А в каких самых дремучих лесах, в самых тайных и заповедных лисьих чащах скитался я, томясь за охотничьими журналами (которые нередко перечитываю и сейчас — и с подлинным наслаждением)?!

Вот я, закрыв Пушкина, бережно отнеся его в шкаф, застываю над этими журналами, пахнущими почему-то засушенными васильками и ванилью, и испытываю нечто подобное настоящей лихорадке: какая-то, вероятно, заурядная повесть «В графских дачах» переносит меня в тихие весенние вечера, в лесные просеки, над которыми тянут со свистом и хорканьем вальдшнепы; в летние березовые заросли, по которым кружит на тетеревиных набродках легкий пойнтер; в золотые осенние дубняки, где так страшно, так мучительно и алчно занывают, ведя по «красному», гончие и так замечательно-гулко, с глухо-певучими переливами вопят охотничьи рога.

А как волнуют меня старинные, чуть манерные, очень наивные стихи безвестных поэтов — о токующем глухаре, о первой летней охоте накануне чудесного Петрова дня, когда «на закате заря догорает и, под блеском лучей миллионом огней, ярко-красных, болото сверкает», — о старике-охотнике, вспоминающем свои юношеские дни в светлых, солнечных лесах!

Что же сказать, после всего этого, о картинах в охотничьих журналах? — они уже просто выводят меня из себя, — заставляют испытывать такое — и внутреннее и внешнее — беспокойство, такую томительную неудовлетворенность, что радость моя наконец превращается в истинное мучение (остающееся, все-таки, счастливым). Эти картины: охотник, затаившийся на лисьем лазу в просвете желтеющих дубов, два сеттера — сиреневый лаверак и красный ирландец, замершие, с приподнятыми передними лапами на стойке; несущаяся над стрельчатым осокорем стайка уток; темно-синие тетерева, покачивающиеся на вершинах зимних берез, и ошалело мчащийся встрепанный шоколадный русак, — возвращают мои думы к дядям: они, представляю я, сейчас бродят <...> в лесных снегах, негромко скликаются, счастливо замирают при звуках гона, крепко сжимая в руках морозно жгущиеся ружья.

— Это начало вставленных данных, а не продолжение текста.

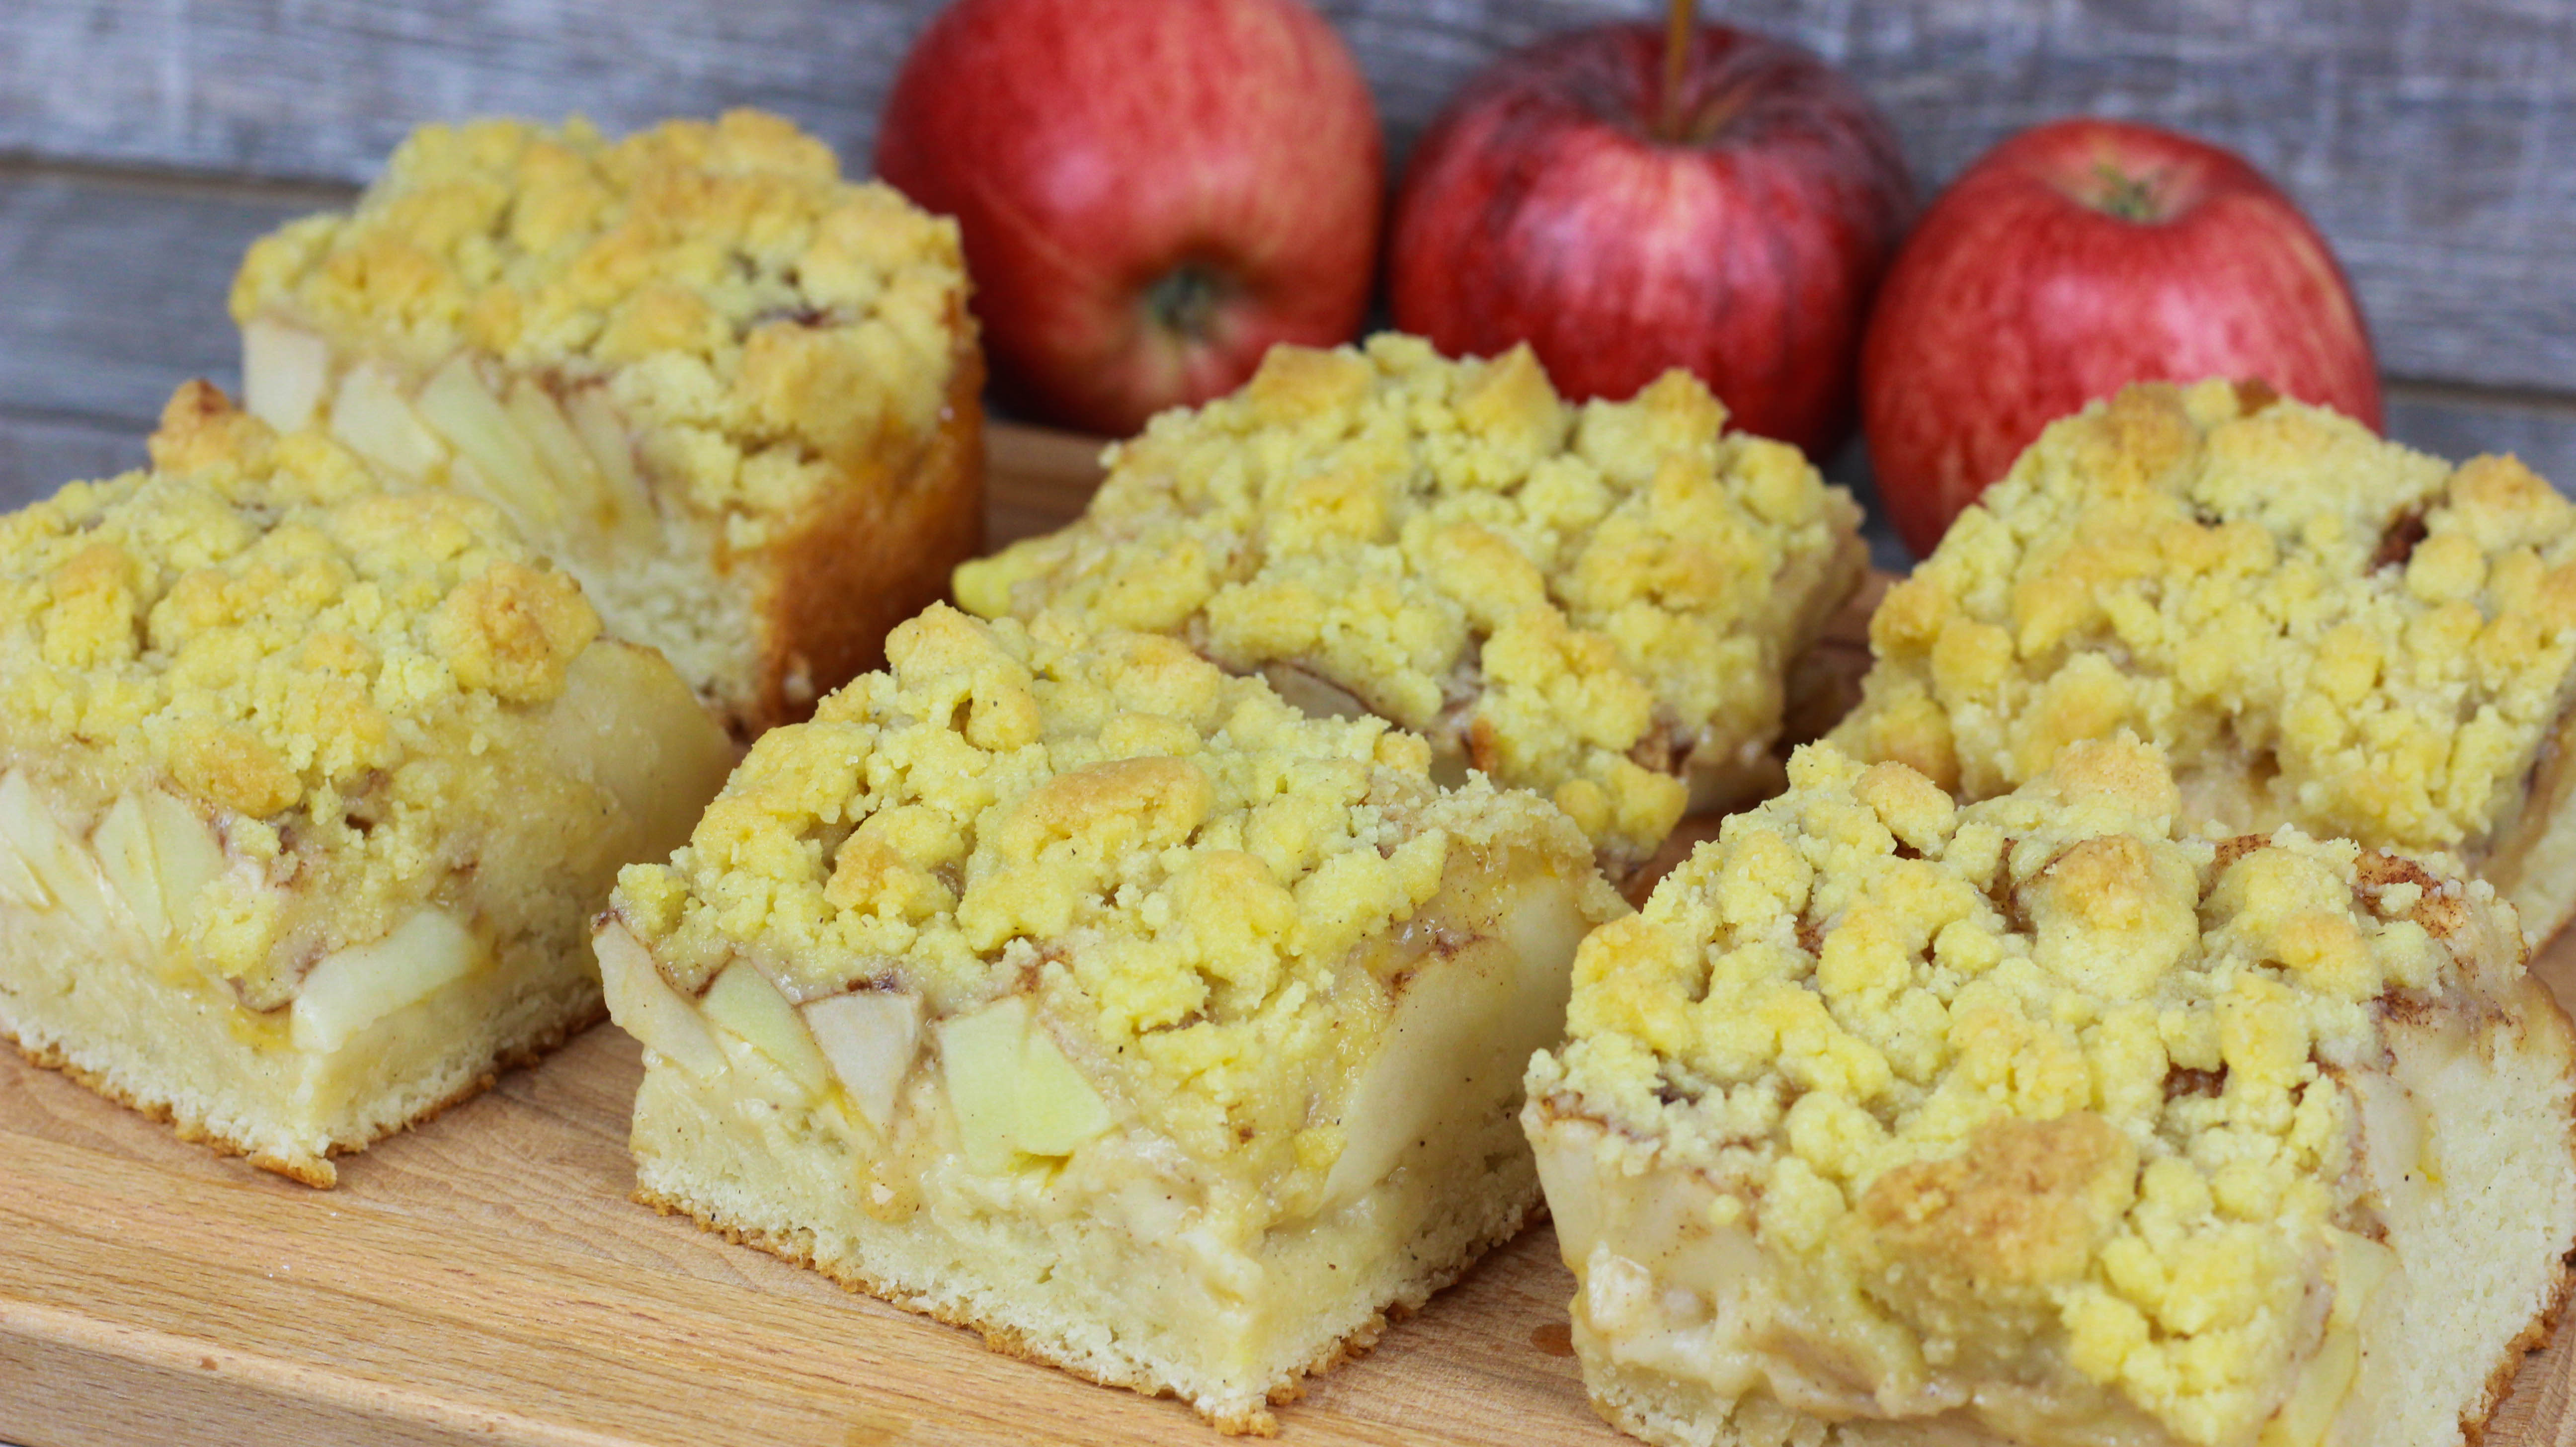 Saftiger Apfel Streuselkuchen Mit Quark Ol Teig Cook Bakery
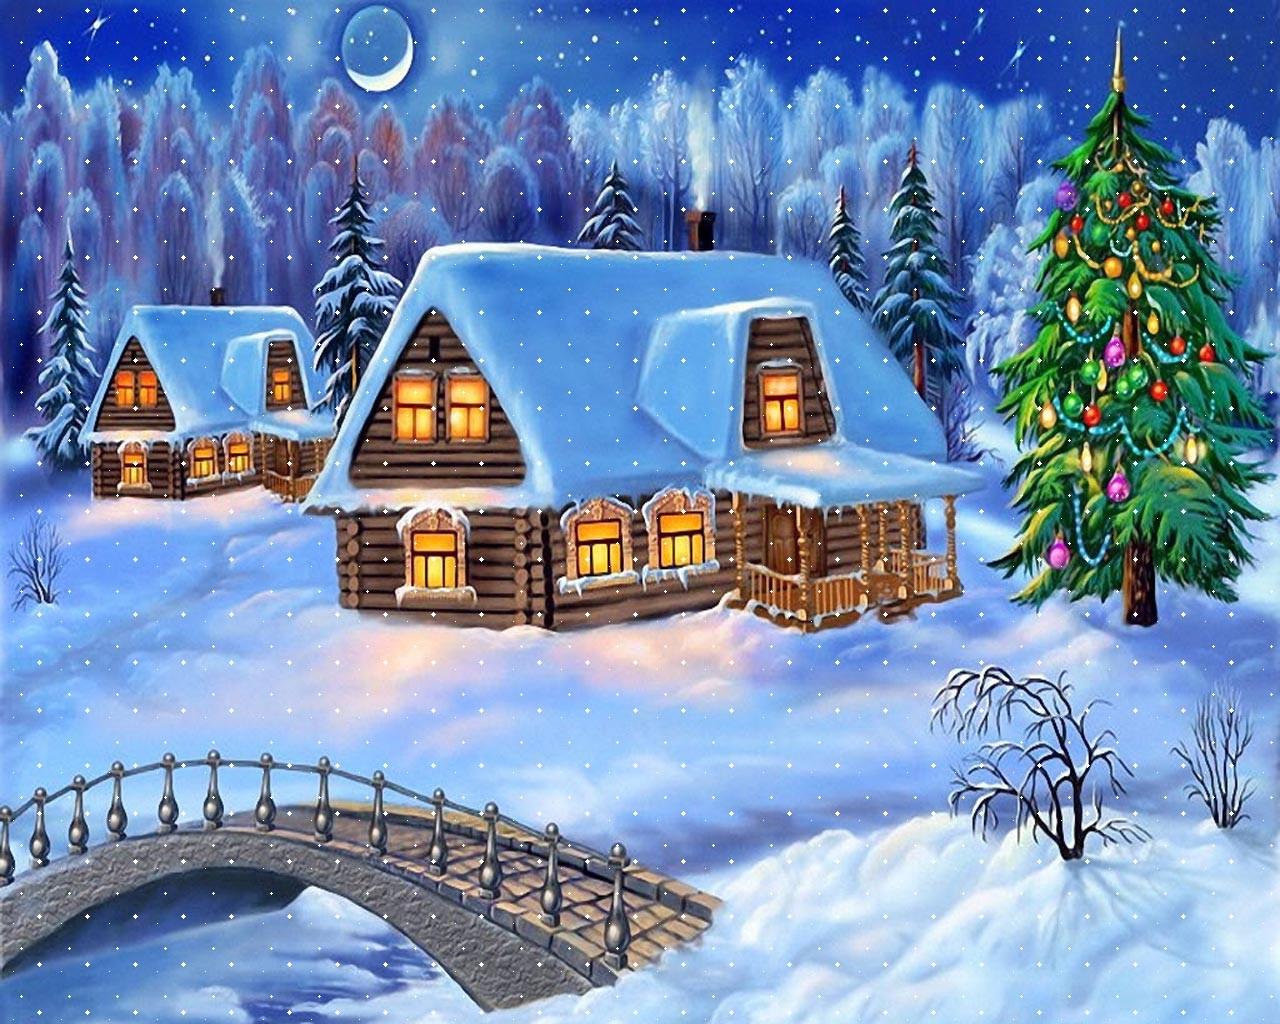 Snowy Christmas Night Decoration with Christmas Tree Wallpaper HD 1280x1024

Я устало и разволнованно осматриваюсь: день совсем рассветлел, — <...> густо голубеет небо, резко и сильно блестят снега, как бы осыпанные мельчайшей разноцветной крупой, весело и, кажется, звонко сверкают комнаты, их портьеры, «горки» и расписные стены.

В доме, солнечном и теплом, сонно и тихо: мама что-то разбирает в комоде, пересматривает какие-то футляры, коробочки и кипарисовые шкатулки. Маленький брат, бренча погремушкой, ползает по сверкающему, как бы растопленному, полу; бабушка — внизу — дремлет, закутавшись шалью, на припекающей лежанке; тетушка Ольга, хрустя маковиками, плетет кружево, а Линка, в незабудковом платье и новых «камашах», с алой лентой в убранных волосах, смотрит в кухонное окно на воркующих голубей и тихо, протяжно напевает: «Уродилась я, как в поле былинка...».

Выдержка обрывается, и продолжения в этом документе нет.